Sunday, February 17, 2013

Hotel Pierre, New York

Hotel Pierre, New York - Schultze and Weaver,  Architects
 Lloyd Morgan, Renderer - 1928

Hotel Pierre, New York - Schultze and Weaver,  Architects
 Chester B. Price, Renderer - 1929
Hotel Pierre, New York - Schultze and Weaver,  Architects
 

Hotel Pierre, New York - Schultze and Weaver,  Architects 
   The Pierre is a luxury hotel located in Manhattan, facing Central Park, opened in 1930, as of 2013 it is owned by Taj Hotels Resorts and Palaces of India. The original 714-room Pierre that rose forty-two stories on the site of the Gerry mansion allows for unrestricted views of Central Park. The hotel was designed by the New York firm of Schultze and Weaver as a skyscraper that rises in a blond-brick shaft from a limestone-fronted Louis XVI base.

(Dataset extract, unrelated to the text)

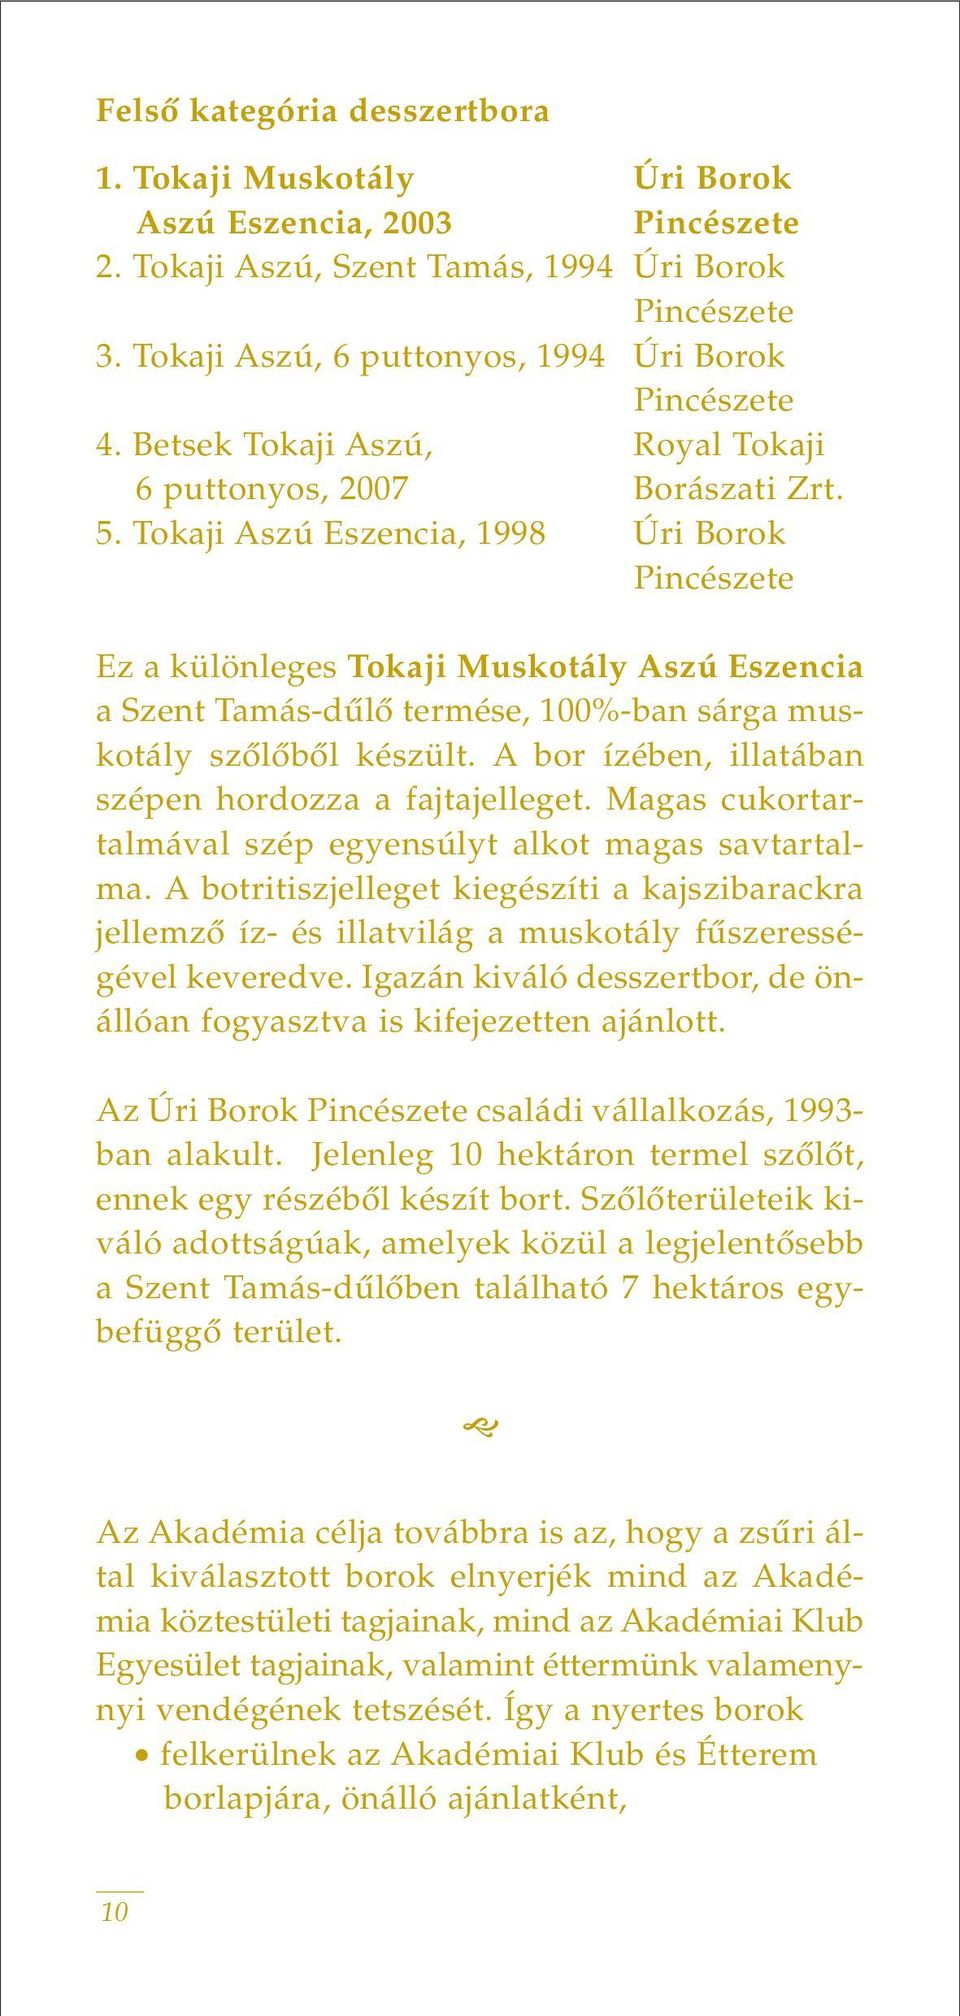 Tokaji Aszú Eszencia, 1998 Úri Borok Ez a különleges Tokaji Muskotály Aszú Eszencia a Szent Tamás-dûlô termése, 100%-ban sárga muskotály szôlôbôl készült.
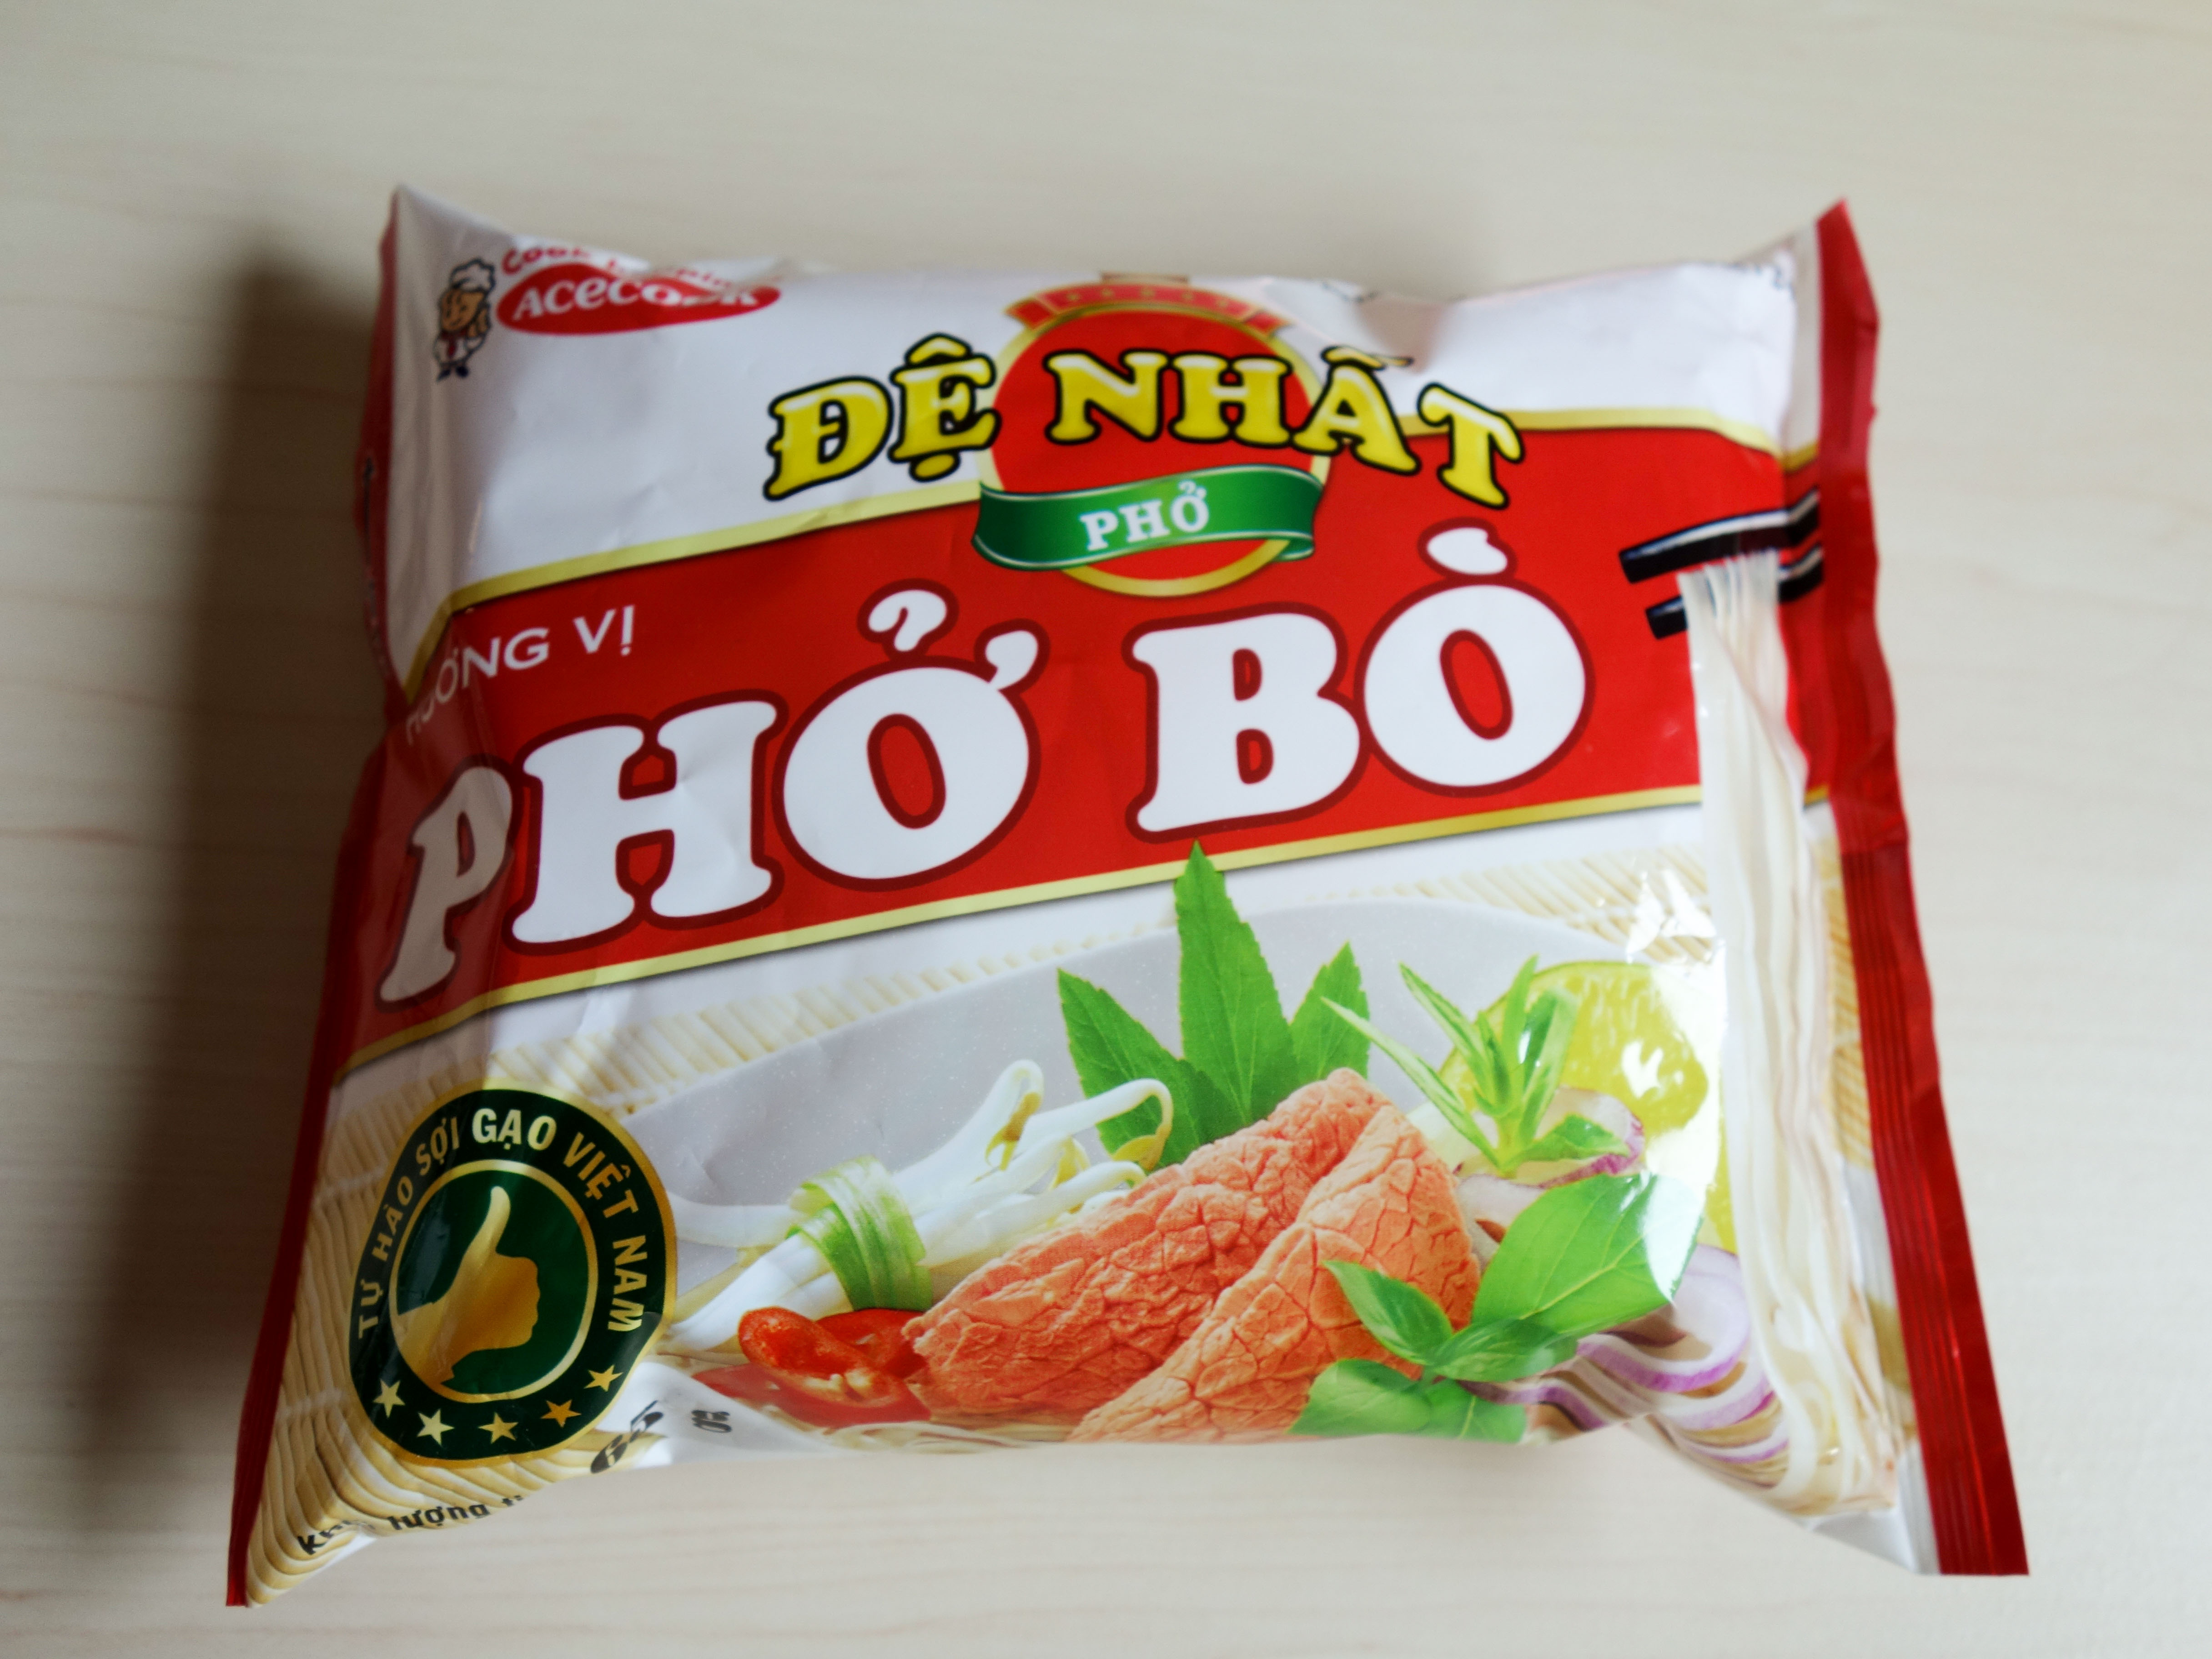 エースコックベトナムから発売されているインスタント麺 Pho Bo を食べてみました ぱどるらいふ

  Its topmost floors render it an easily-recognizable landmark on the New York skyline; they are modeled after Mansart's Royal Chapel at Versailles, a system of Corinthian pilasters and arch-headed windows, with octagonal ends, under a tall, slanted, copper roof that is pierced with bronze-finished bull's-eye dormers. The Pierre went into bankruptcy in 1932, but was purchased by oilman J. Paul Getty in 1938 and subsequently sold many cooperative apartments in the building. In 2013, the hotel contains 189 guest accommodations, including forty suites, and thirteen grand suites. ***New York Times subscribers can read about the purchase HERE***


Detail of Ballroom Ceiling, Hotel Pierre, New York - Schultze and Weaver,  Architects

Make your reservations HERE. Additional photos and history  also to be found.  Watch a lecture from the Whitehall Lecture Series pertaining to the firm.  Book - Grand Hotels of the Jazz Age: The Architecture of Schultze and Weaver. Another review HERE.  MORE.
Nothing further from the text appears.